小蠻狡黠一笑,“微微,你忘啦?我可是在這裏長大的,那群土匪不見得比我更熟悉山路。再說了,我跑得快,你放心。”
“那也不行,那我要跟你一起去。”顧言微仍然不肯鬆口。
小蠻卻一口回絕,“微微,真要遇到山上的土匪,我能跑掉,你可不一定。”
顧言微不再作聲,因為她知道小蠻說得沒錯,但是自己內心又實在放心不下。
小蠻重新背好藥簍,安慰道:“好啦,你看這裏還有一捆草藥,你就照我剛教的方法把它們分好類,我很快就回來。”

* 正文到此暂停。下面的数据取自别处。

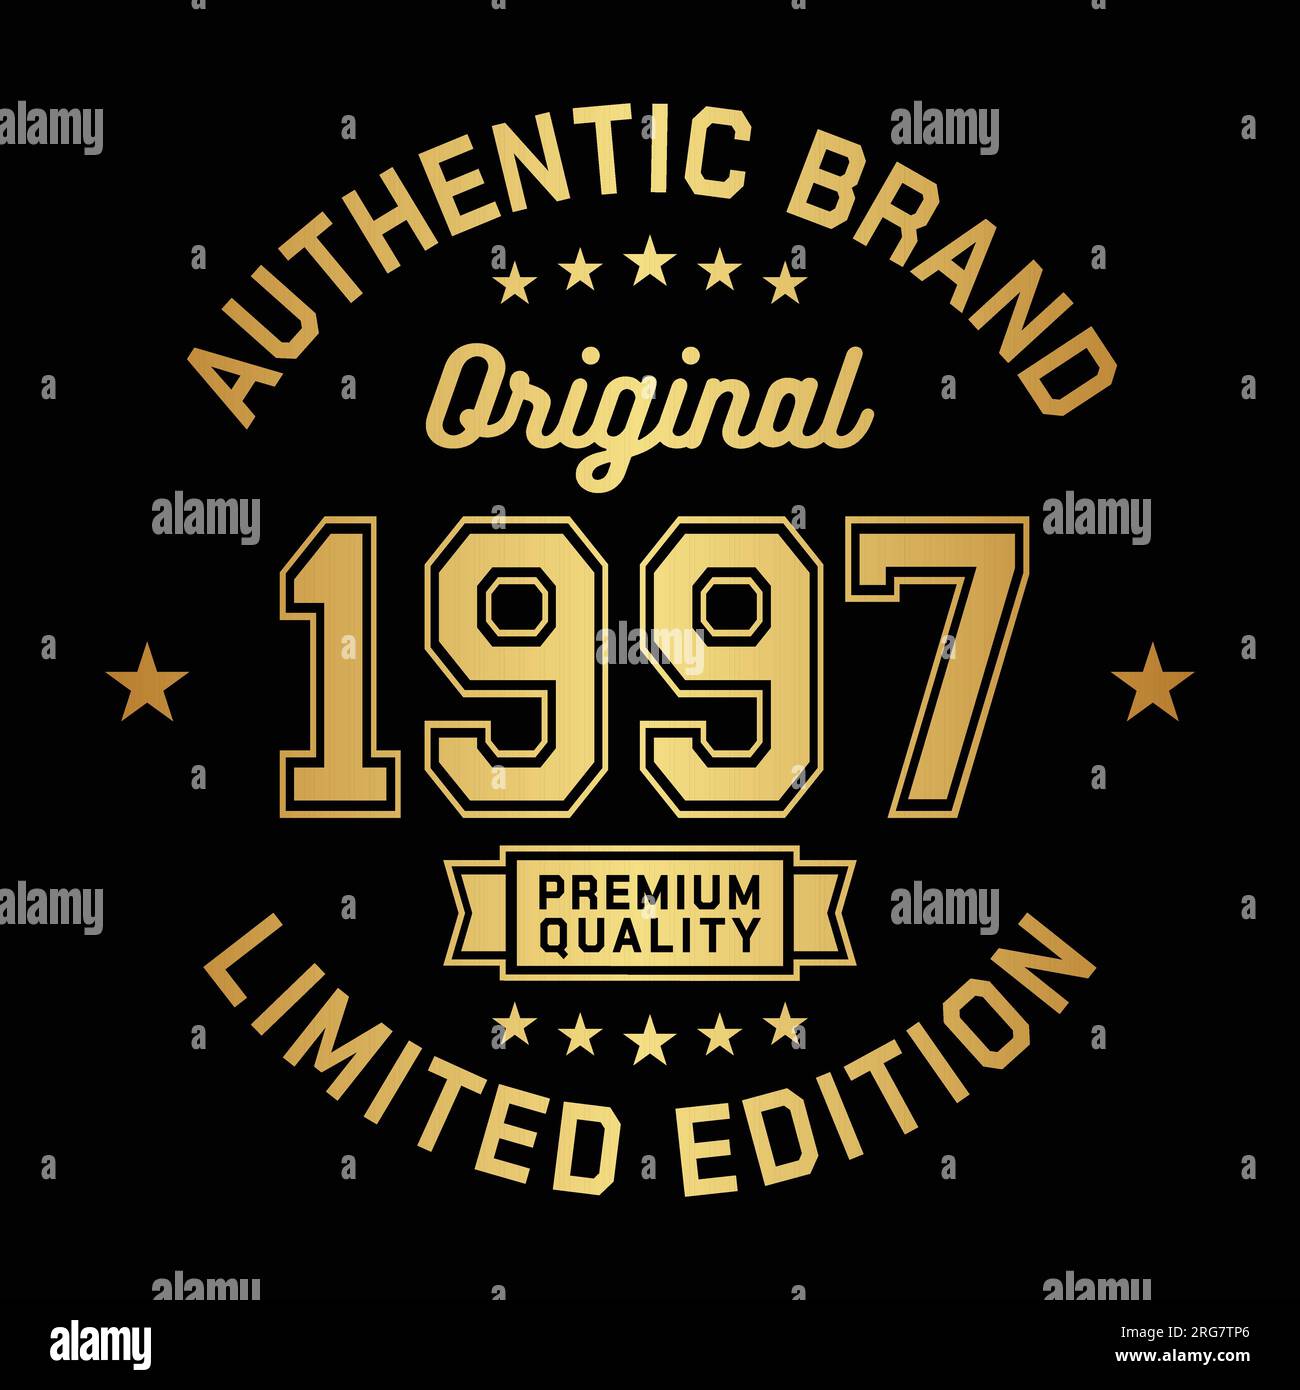 1997 Authentic brand. Apparel fashion design. Graphic design for t-shirt. Vector and illustration. Stock Vector

“那、那你千萬小心,我就在這裏等你。”顧言微猶豫片刻,最終妥協道。
“知道啦!放心!”
目送小蠻輕快的背影越來越遠,最終化作遠處一個小小的黑點,直至消失在眼前,顧言微這才重新蹲下身,開始整理那堆草藥。
“葉子放這裏。”
“這段壞了,不能用。”
“有點發黃怎麽辦?……先留著,等小蠻回來再問她。”
……
“呼——總算分好了。”顧言微揉了揉有些發酸的脖頸,抬頭才意識到天色已晚。
她望向小蠻離去的方向,山路上依舊空無一人,不見歸影,她的心中不由得有些焦躁。
畢竟她在分草藥時,已經刻意放慢了動作。
按理來說,小蠻早就該回來了。
顧言微環顧四周,心知若是再等下去,天色一暗,這裏連照明的物件都沒有,到時候隻會更麻煩。
她索性站起身,將那些草藥連同藥簍一起藏到一棵樹後,又細心地用幾片寬大的葉子蓋好,免得被人發現撿走。
想到附近或許有土匪,顧言微不敢高聲呼喊小蠻的名字,就連走路都是小心翼翼,生怕踩上落葉的聲響引來旁人。
她沿著小蠻身影消失的方向一路往前摸索,眼見就要走到坡頂,腳下卻忽然被一道軟綿綿的東西絆了一下。
顧言微瞬間僵在原地,大氣都不敢出,她僵硬地慢慢低下頭去。
看清後長舒一口氣,“原來是藤蔓,嚇死我了。”
她彎腰將藤蔓扯開,正要往坡對麵走,不遠處卻傳來一陣窸窸窣窣的動靜。
顧言微心頭一緊,謹慎地再次伏低身子,悄悄朝聲音來源處挪去。
她躲進一叢灌木後,透過枝葉縫隙向外張望。
原來是兩個人在交談,顧言微稍稍鬆了口氣。
不對——
她眯起眼睛再次看去,麵對著自己的那人一臉絡腮鬍子,額間與右臂上都綁著黑布,像是某個組織或者幫派的人。
而背對著自己的那道黑色身影,越看越覺得熟悉。
眼下她不敢繼續向前,也不敢發出半點聲響,隻得小心調整姿勢,找了個稍舒服的位置蹲穩。
灌木前的二人似乎並未察覺已有“觀眾”在場,仍繼續著先前的對話。
天色更暗了些,絡腮鬍子臉上的懼意卻清晰可見,說話甚至有些結巴,“二……二當家的,我、我也不知道啊,那都是大當家交代的,弟兄們隻是奉命行事……奉命行事而已……”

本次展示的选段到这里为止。